The nuclear lamina is a dense (~30 to 100 nm thick) fibrillar network inside the nucleus of eukaryote cells. It is composed of intermediate filaments and membrane associated proteins. Besides providing mechanical support, the nuclear lamina regulates important cellular events such as DNA replication and cell division. Additionally, it participates in chromatin organization and it anchors the nuclear pore complexes embedded in the nuclear envelope.

The nuclear lamina is associated with the inner face of the inner nuclear membrane of the nuclear envelope, whereas the outer face of the outer nuclear membrane is continuous with the endoplasmic reticulum. The nuclear lamina is similar in structure to the nuclear matrix, that extends throughout the nucleoplasm.

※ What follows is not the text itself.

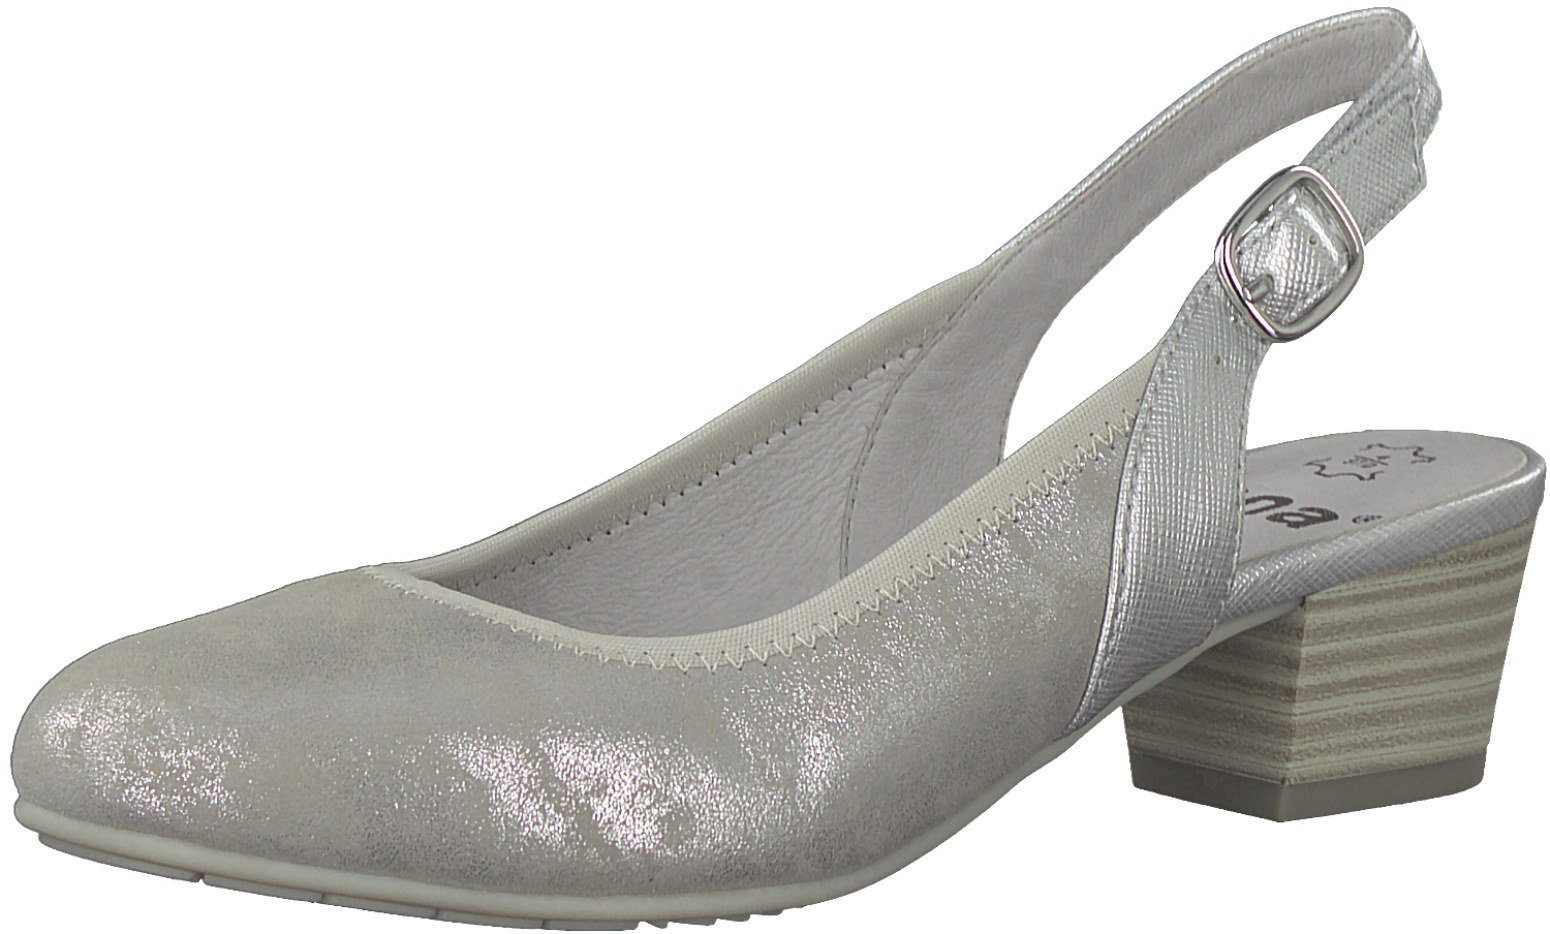 Туфли женские Jana, цвет: серебристый. 8-8-29590-20-212/220. Размер 36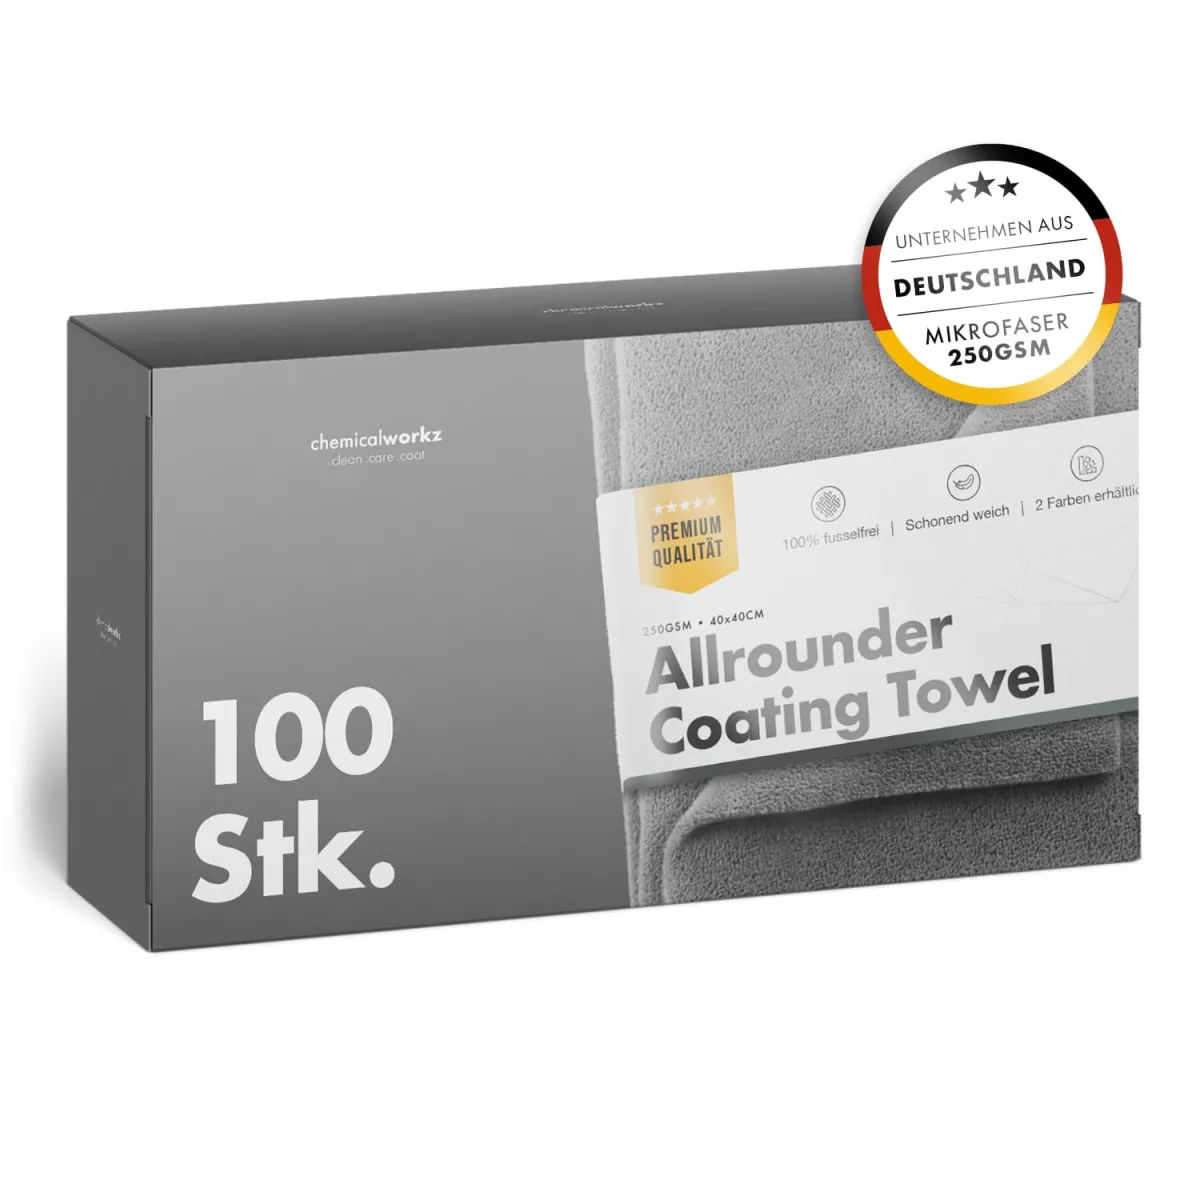 Allrounder Coating Towel Türkis 100 Stk.

== Structure and composition ==
The nuclear lamina consists of two components, lamins and nuclear lamin-associated membrane proteins. The lamins are type V intermediate filaments which can be categorized as either A-type (lamin A, C) or B-type (lamin B_{1}, B_{2}) according to homology of their DNA sequences, biochemical properties and cellular localization during the cell cycle. Type V intermediate filaments differ from cytoplasmic intermediate filaments in the way that they have an extended rod domain (42 amino acid longer), that they all carry a nuclear localization signal (NLS) at their C-terminus and that they display typical tertiary structures. Lamin polypeptides have an almost complete α-helical conformation with multiple α-helical domains separated by non-α-helical linkers that are highly conserved in length and amino acid sequence. Both the C-terminus and the N-terminus are non α-helical, with the C-terminus displaying a globular structure with immunoglobulin type folded motif. Their molecular weight ranges from 60 to 80 kilodaltons (kDa).
In the amino acid sequence of a nuclear lamin, there are also two phosphoacceptor sites present, flanking the central rod domain. A phosphorylation event at the onset of mitosis leads to a conformational change which causes the disassembly of the nuclear lamina. (discussed later in the article)

In the vertebrate genome, lamins are encoded by three genes. By alternative splicing, at least seven different polypeptides (splice variants) are obtained, some of which are specific for germ cells and play an important role in the chromatin reorganisation during meiosis. Not all organisms have the same number of lamin encoding genes; Drosophila melanogaster for example has only 2 genes, whereas Caenorhabditis elegans has only one.

The presence of lamin polypeptides is a property of all animals.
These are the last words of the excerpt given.